The Walam Olum: Native American Testimony to the Bible’s Creation Story
Across the world, cultures have preserved stories of creation, the fall of humanity, and a great flood. These recurring themes suggest that such events were not isolated myths but shared human memories of real history. Among Native Americans, the Walam Olum—the “Red Record” of the Lenape people—stands as powerful testimony. Its remarkable alignment with the biblical account in Genesis affirms that God’s truth has been remembered across continents and centuries.
A Record Preserved Through Time
The Walam Olum tells of a Creator who made the heavens and earth, followed by the appearance of a serpent of evil, bringing corruption and suffering into the world. Later, a catastrophic flood destroyed much of creation, after which survivors began migrations, eventually settling in the eastern woodlands of North America.
The story parallels Genesis so closely that it cannot be coincidence. Just as Moses recorded God’s work in the Torah, so too the Lenape preserved their ancestral memory of the same divine events.
Key Parallels with Genesis
Creation by a single divine Creator (Genesis 1:1–31).
The serpent of evil that tempts and corrupts creation (Genesis 3).
The Flood that cleansed the world of wickedness, leaving only the righteous to repopulate (Genesis 6–9).
Migrations of peoples across the world after the flood, echoing the dispersion at the Tower of Babel (Genesis 11).
Lineages of leaders and chiefs, mirroring the genealogies of Adam, Noah, and Abraham.
These connections reveal that the Lenape did not live in isolation from the biblical history of humanity. Rather, they preserved their own portion of the same great story.
A Universal Testimony
Some dismiss the Walam Olum as a fabrication, but such skepticism overlooks the fact that nearly every ancient culture has a flood story and a serpent figure of evil. From Mesopotamia’s Epic of Gilgamesh to the Maya’s Popol Vuh, from Chinese traditions to the Hebrew Bible, the core truths are the same:
A Creator made the world.
Humanity fell into sin.
A flood reset the earth.
Peoples dispersed across the globe.
The Lenape, like so many others, carried these truths through oral history and symbolic records. The Walam Olum shows that the biblical account is not isolated but universal.
Why This Matters Today
The Walam Olum bridges Native American heritage and the Bible. It affirms that the Creator left His imprint on all peoples, and that humanity shares a common memory of creation and the flood. Far from undermining Scripture, Indigenous traditions like this strengthen it, showing that God’s works were known from the beginning.
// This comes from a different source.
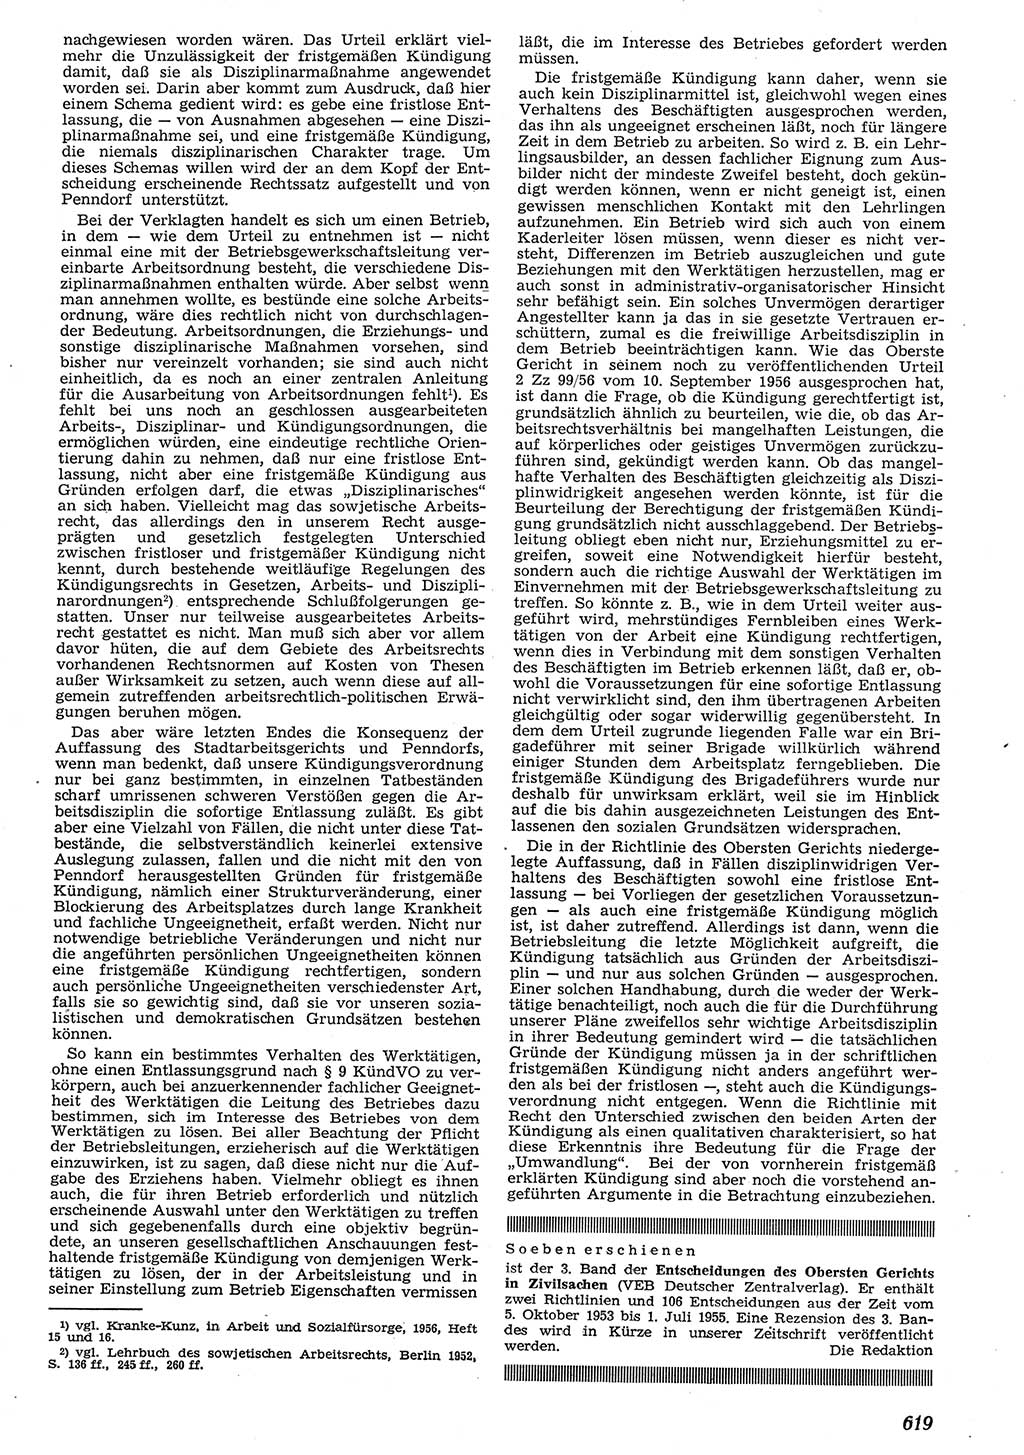 Neue Justiz (NJ), Zeitschrift für Recht und Rechtswissenschaft [Deutsche Demokratische Republik (DDR)], 10. Jahrgang 1956, Seite 619 (NJ DDR 1956, S. 619)

For Christians, the Walam Olum offers an opportunity to honor Native history while recognizing that the truth of Genesis is woven into the memory of humanity itself.
Conclusion
The Walam Olum is more than a legend. It is another witness to the biblical story of creation, the fall, and the flood—echoing across time, culture, and geography. While skeptics may deny its authenticity, believers recognize in it the hand of the Creator, preserving His truth in every nation. The Walam Olum reminds us that the Bible is not just Israel’s story, but the world’s story.
References
Anderson, G. C. (1991). The Indian Southwest, 1580–1830: Ethnogenesis and Reinvention. Norman: University of Oklahoma Press.
Custalow, L. R. (2007). The True Story of Pocahontas: The Other Side of History. Golden, CO: Fulcrum Publishing.
Rafinesque, C. S. (1836/1954). The Walam Olum, or Red Score: The Migration Legend of the Lenni Lenape or Delaware Indians. Indiana University Press.
Whelan, R. (1982). Lost America: The Story of the Walam Olum. San Diego: Creation-Life Publishers.